Ultimately, I would like to find the nth company for every country based on satisfaction indicator.
So far, I have done the following:
ordered_needed_data_ha %>% group_by(Country) %>% summarise(value = nth(`Satisfaction Score`, 10, order_by = Country))

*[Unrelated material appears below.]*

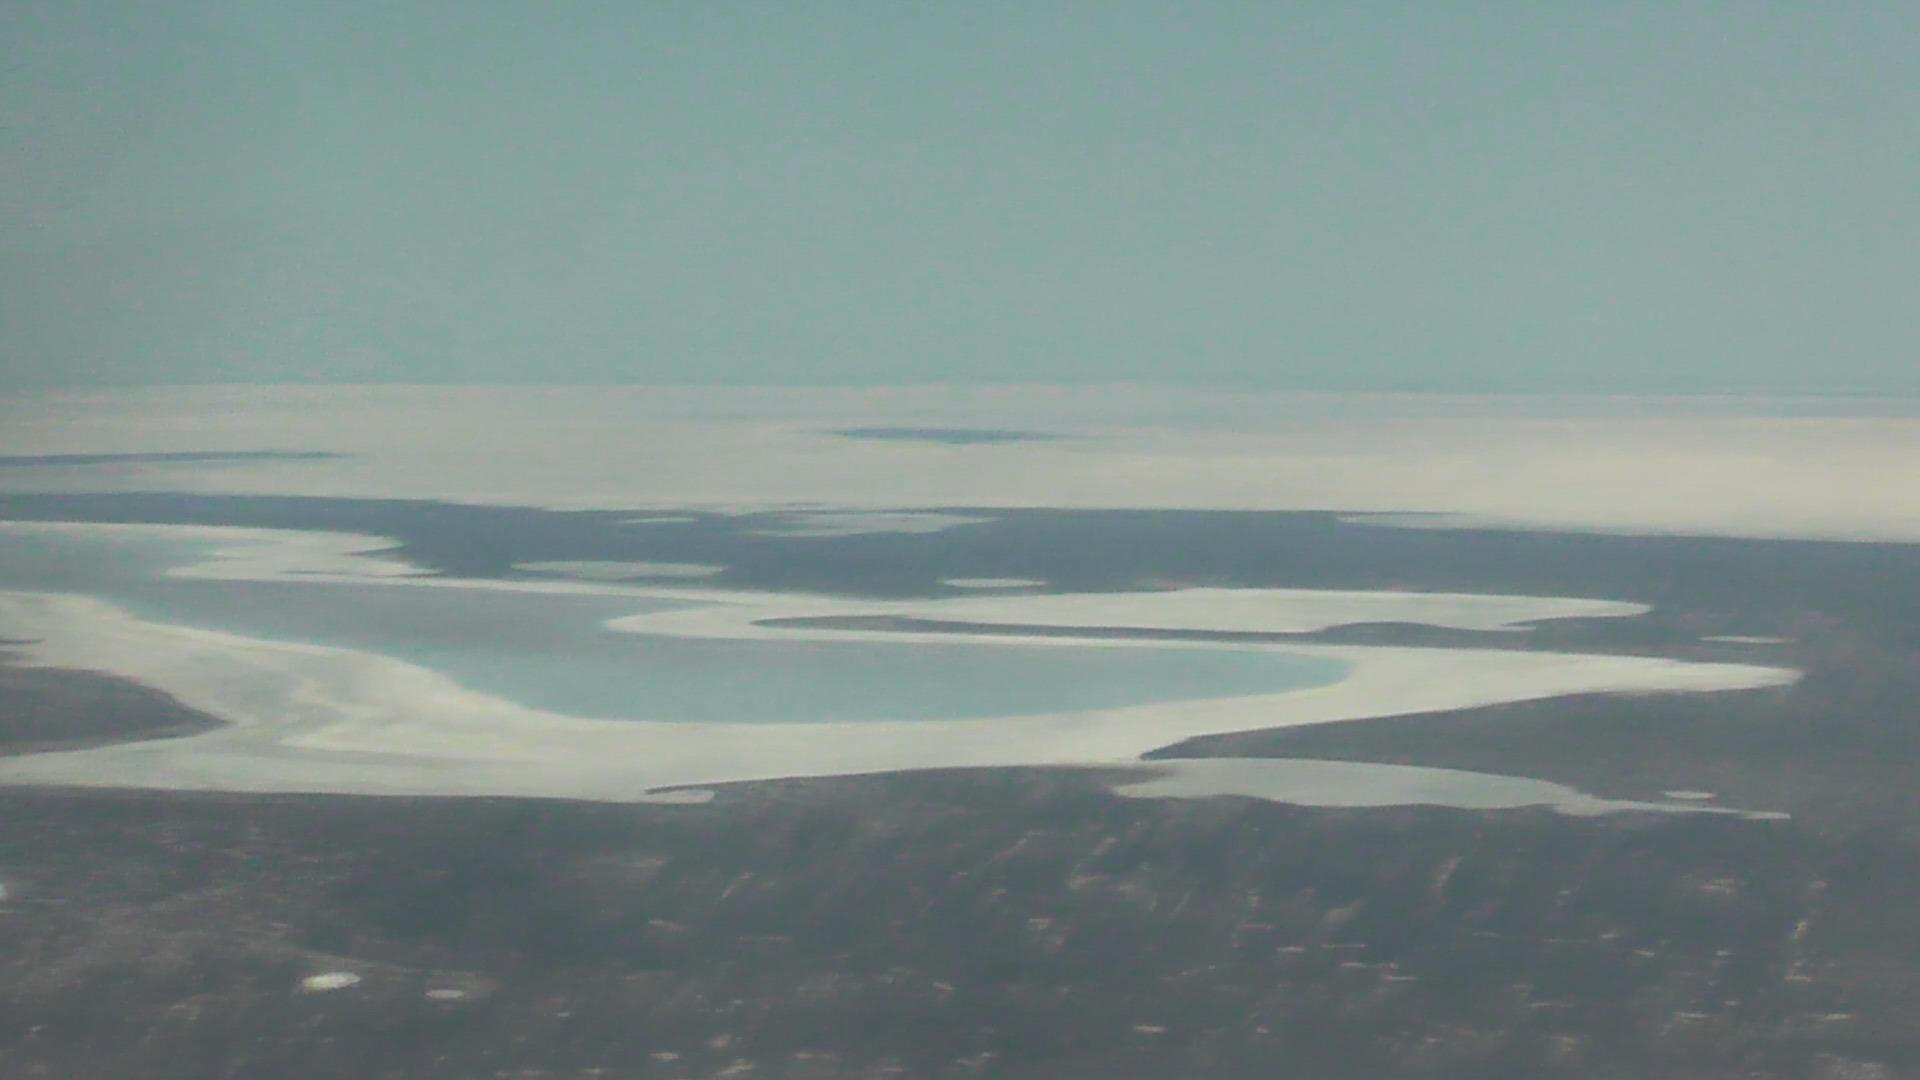 Earth Healing Lake Eyre

#This gives me the 10th highest satisfaction score in the given country.
This evaluates to, after piping head()
Country value
<chr> <dbl>
1 AL NA
2 AT 15.7
3 BG 17.1
4 FR 14.9
5 IT 13.3
How could I add the company name with the given value for the country ?
Adding an additional grouping argument does not work, like group_by(Country, Company)
So the desired outcome would be something like:
Country Company value
<chr> <chr> <dbl>
1 AL CompanyX NA
2 AT CompanyX 15.7
3 BG CompanyX 17.1
4 FR CompanyX 14.9
5 IT CompanyX 13.3
I am not a regular R user, I would appreciate your help. Thanks !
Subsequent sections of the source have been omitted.